START RECORDED DATA

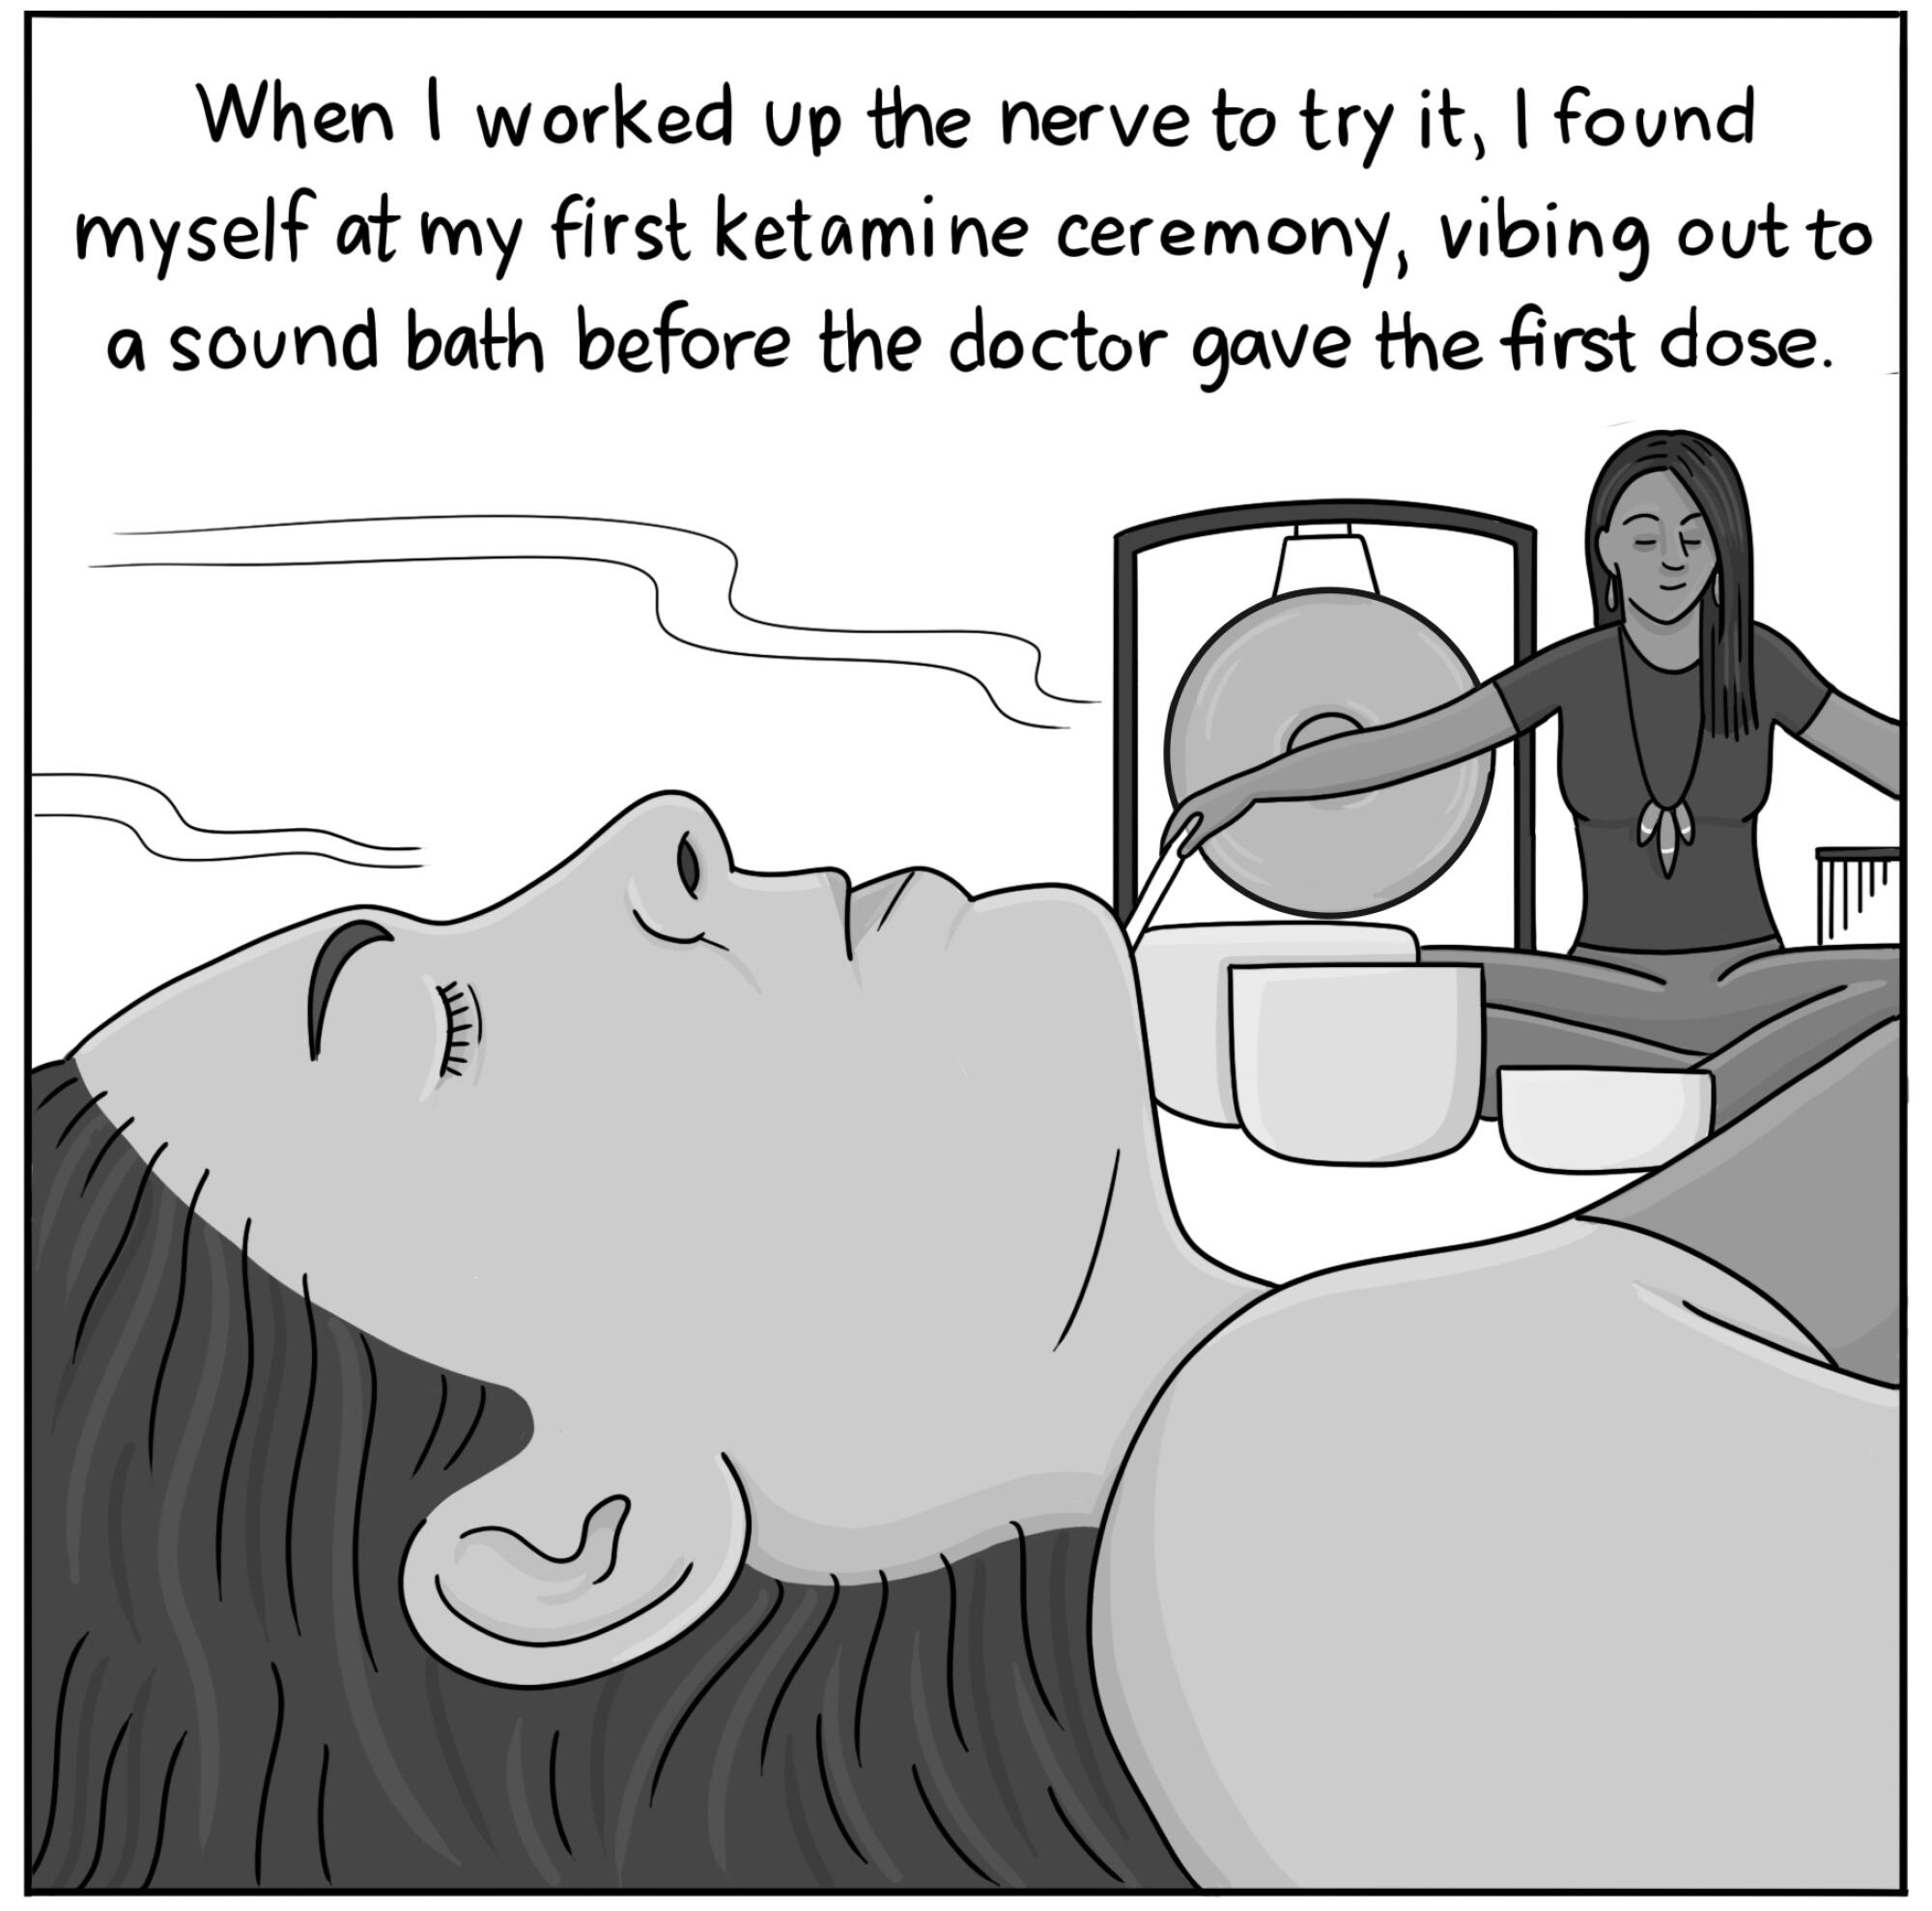 I worked up the nerve to try it. At my first ketamine ceremony, I vibed out to a sound bath before the doctor gave the dose.
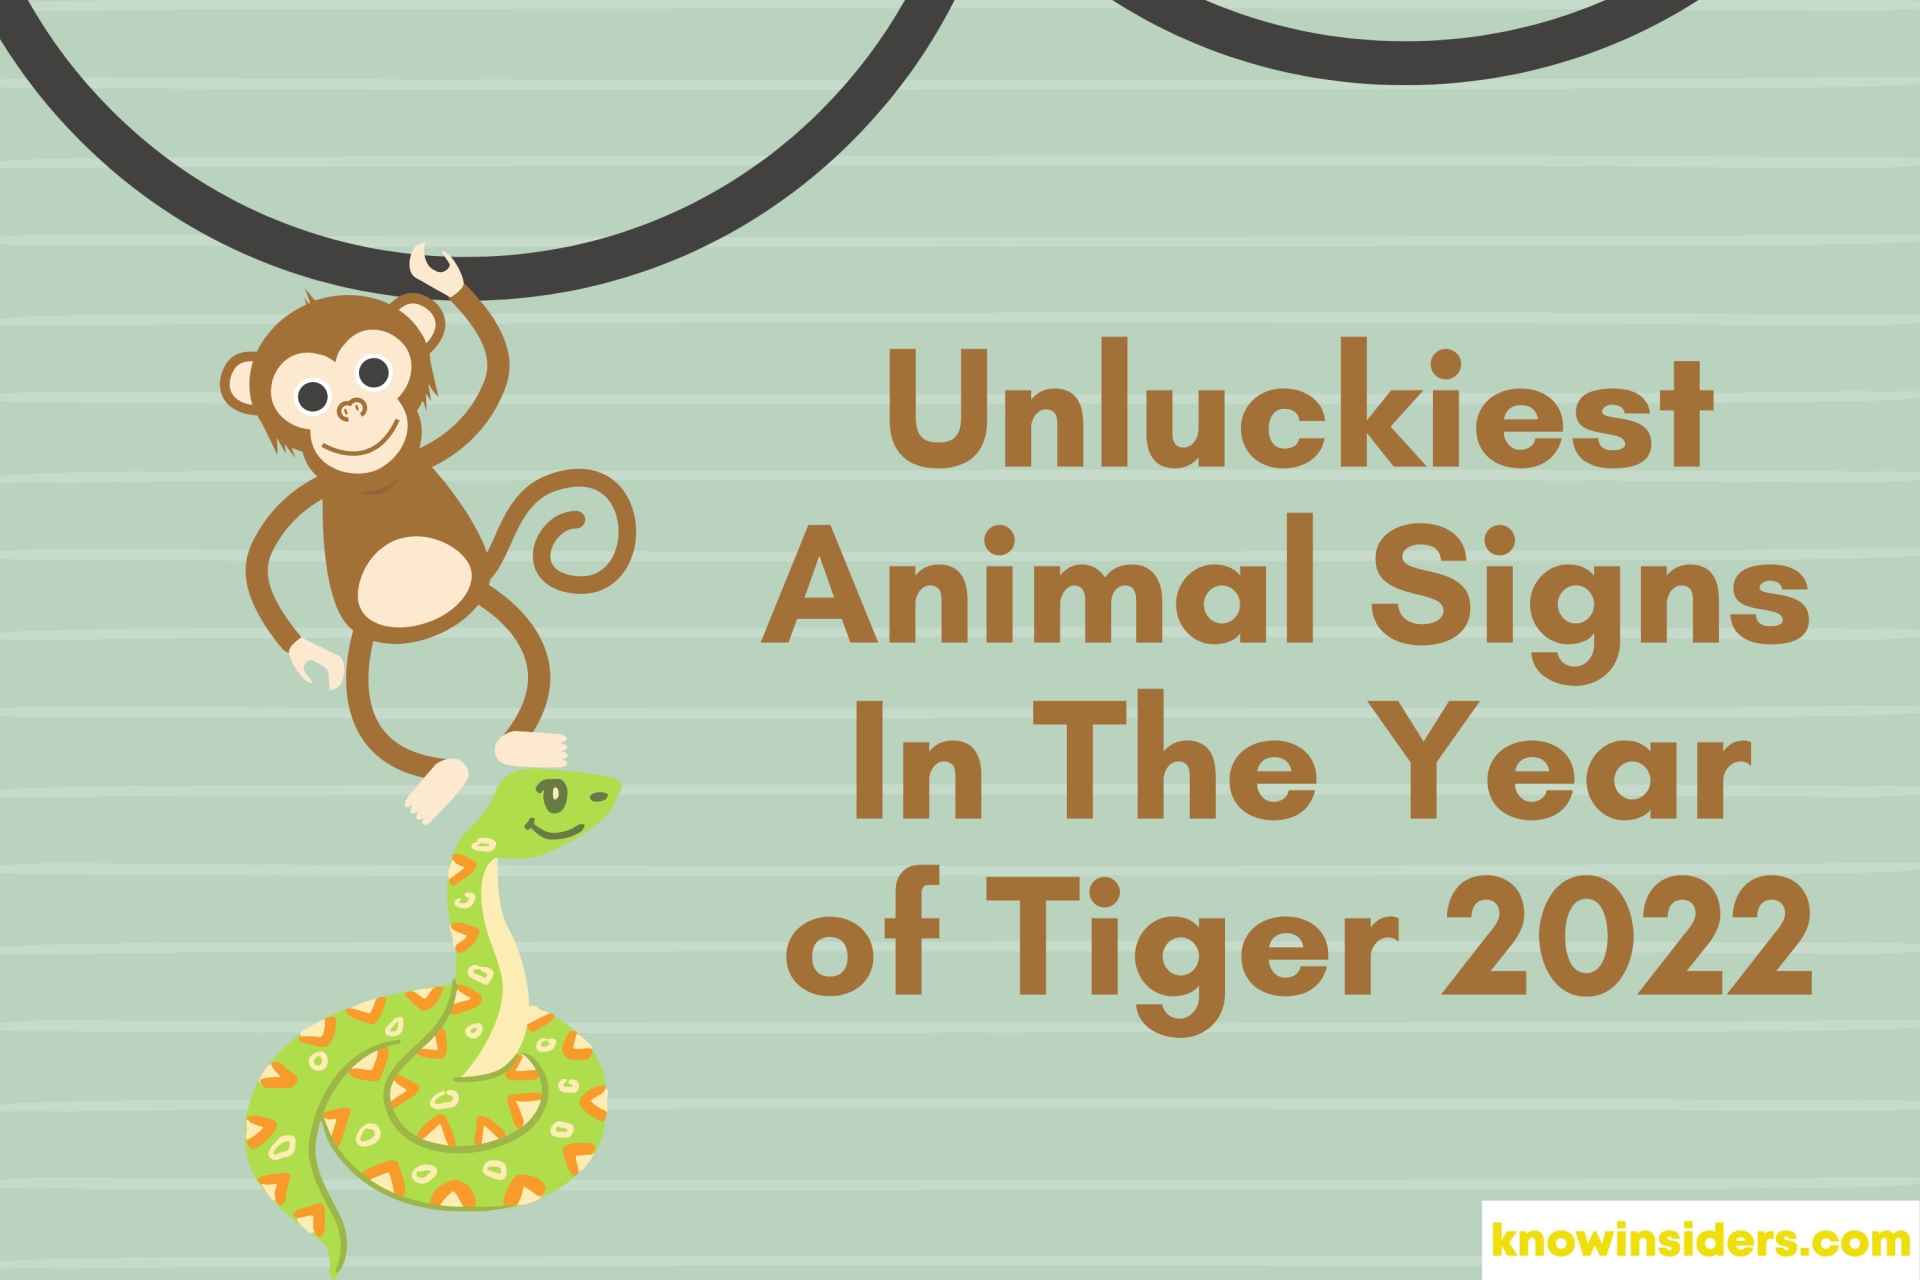 Two Unluckiest Animal Signs In The Year of Tiger 2022 – Snake and Monkey
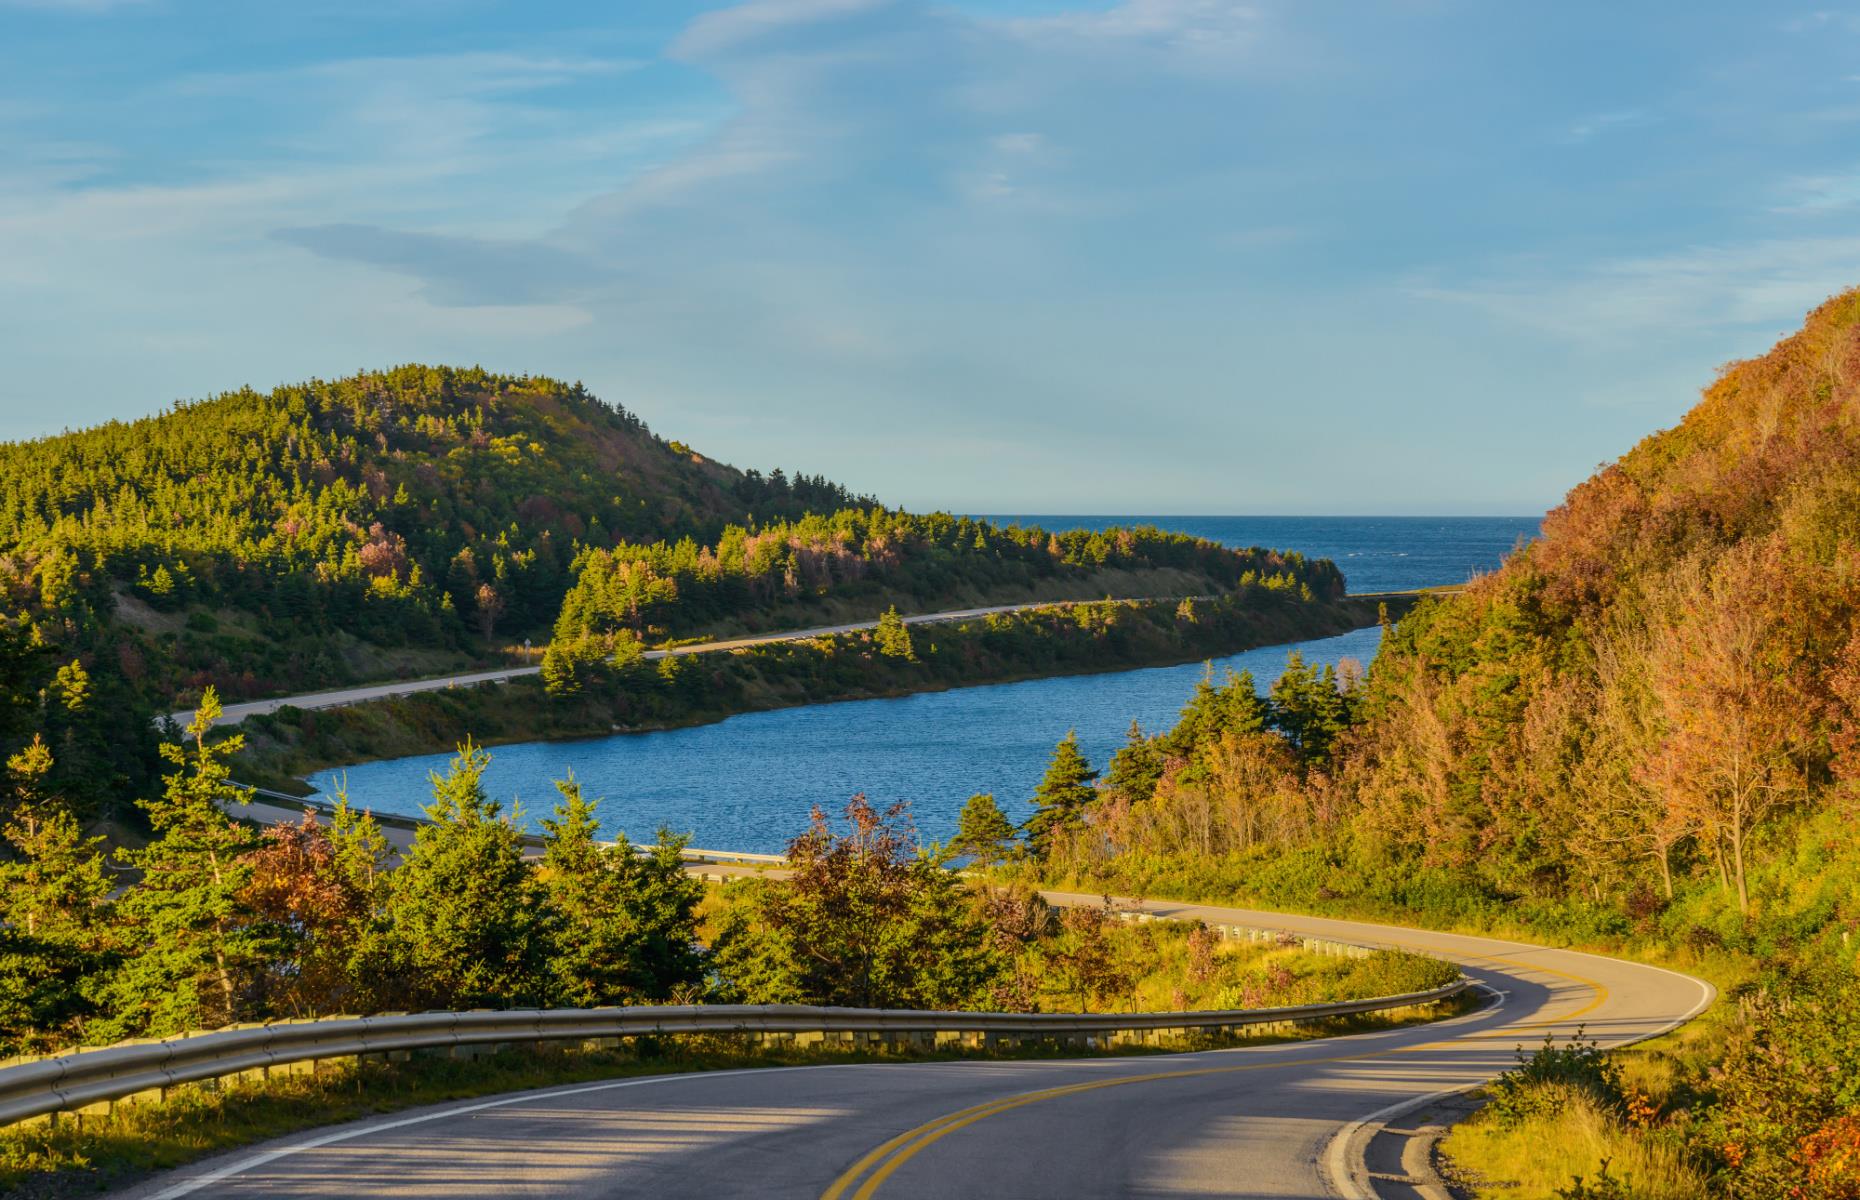 Cape Breton Island, a large island off the north coast of Nova Scotia, has a special place in Canadian culture, largely because of the traditional fiddle music that’s so tied to the island’s way of life. There’s no better way to see the island’s culture and stunning natural beauty than to take a drive along the Cabot Trail, a 185-mile (298km) loop that circles the northwestern part of the island.

END RECORDED DATA

■ **WHAT IS EXPECTED**: Only the lines from the one with "Two Unluckiest Animal" through the end of the listing should be transcribed, exactly and without pictures.

■ **SOLUTION TO THE PROBLEM**:
 Two Unluckiest Animal Signs In The Year of Tiger 2022 – Snake and Monkey
 Cape Breton Island, a large island off the north coast of Nova Scotia, has a special place in Canadian culture, largely because of the traditional fiddle music that’s so tied to the island’s way of life. There’s no better way to see the island’s culture and stunning natural beauty than to take a drive along the Cabot Trail, a 185-mile (298km) loop that circles the northwestern part of the island.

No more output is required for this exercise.